Los afiliados del Partido Popular acudieron el pasado jueves a sus sedes para votar al futuro líder del partido, un hecho que no se había producido con anterioridad. Hasta ahora, era costumbre de la casa que el presidente que abandonaba el partido señalara con el dedo, o con un cuaderno azul, a su delfín. Desde ayer, el PP ha entrado plenamente en el Siglo XXI, deshaciéndose de viejas costumbres de tintes poco democráticos.
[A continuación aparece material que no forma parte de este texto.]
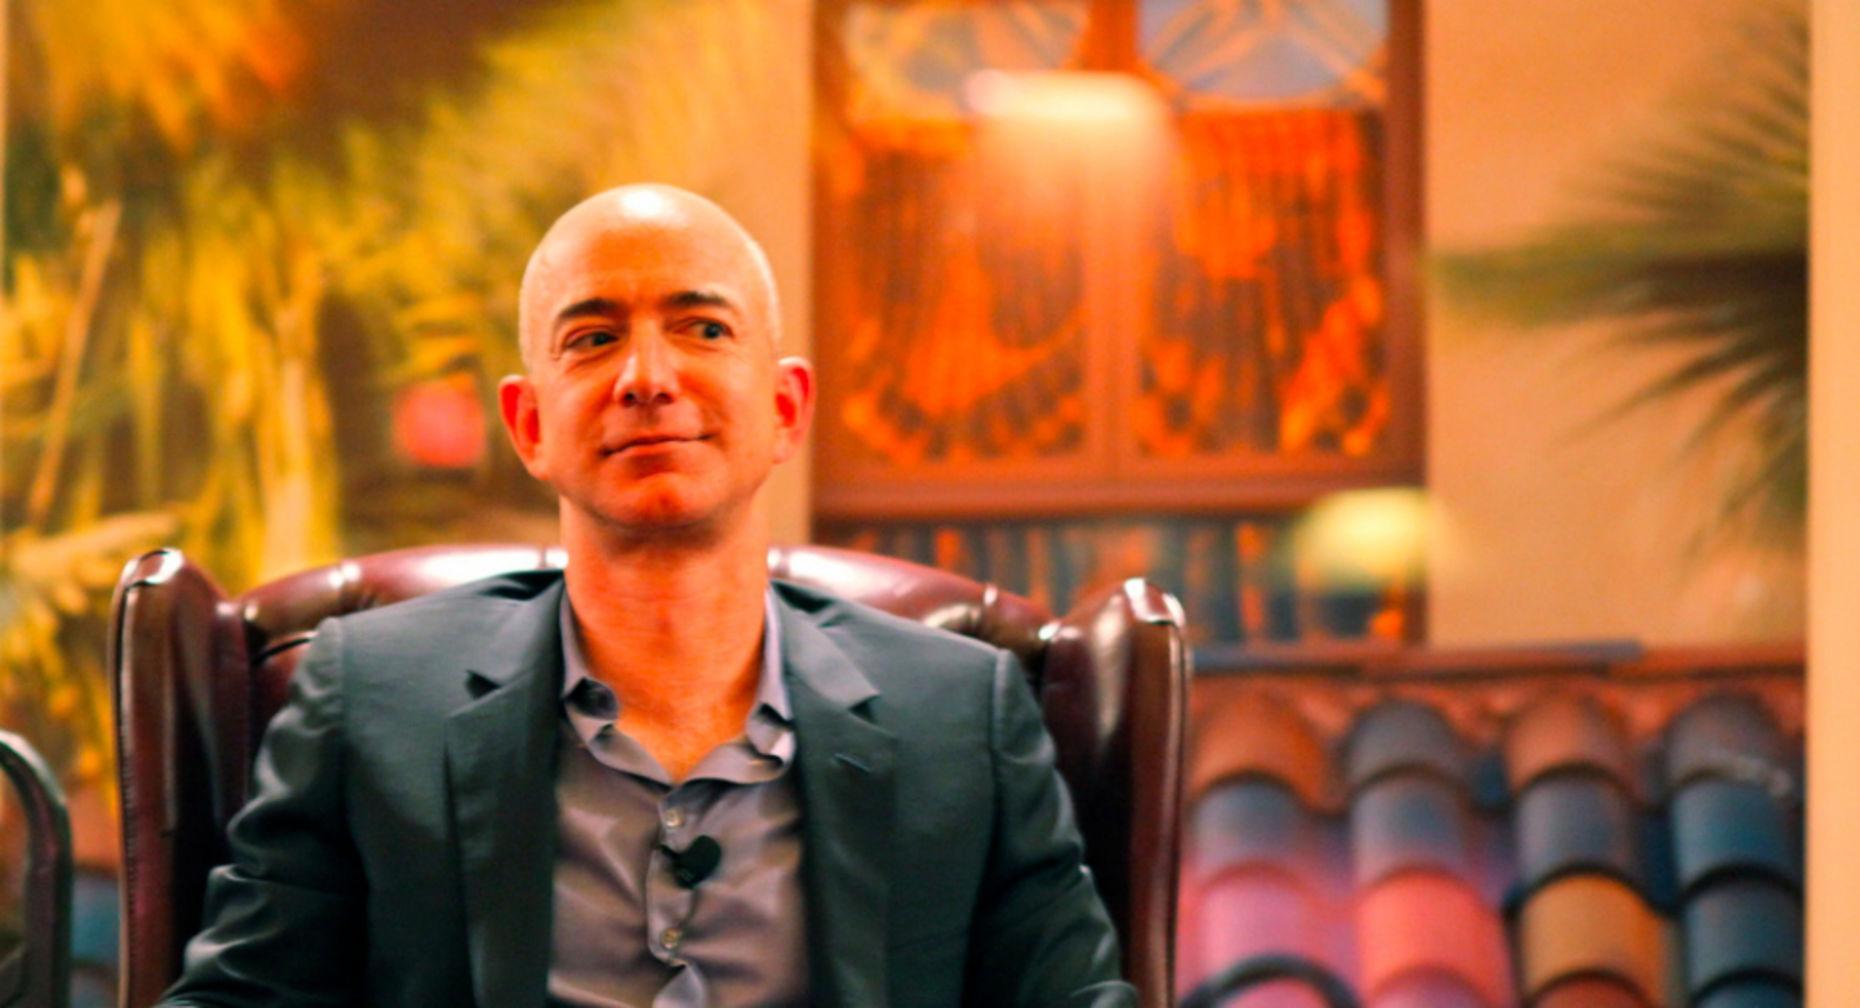 Jeff Bezos. Credit:  Steve Jurvetson via Flickr

Ha sido necesario que el presidente del Gobierno y líder del partido fuera desalojado de la Moncloa mediante una moción de censura para que el proceso de primarias se implementara en el partido. Pero no hay mal que por bien no venga. Al menos los populares podrán ahora presumir de la transparencia y democracia de su proceso de elección interno y demostrar que han escuchado la voz de los ciudadanos que pedía un lavado de cara y puesta al día del partido.
Tras el insoportable torrente de casos de corrupción que han derribado al Gobierno del PP en Madrid, las primarias son un buen punto de partida para hacer borrón y cuenta nueva. Ahora le toca al que gane la segunda vuelta, ya bien sea Soraya Sáenz de Santamaría o Pablo Casado, cristalizar este cambio de rumbo y demostrar que la regeneración del PP no solo es postureo y que se lo han tomado en serio. Para empezar, convocar a todos los afiliados del partido a la elección del próximo presidente parece un buen inicio. Esperemos que no sea flor de un día.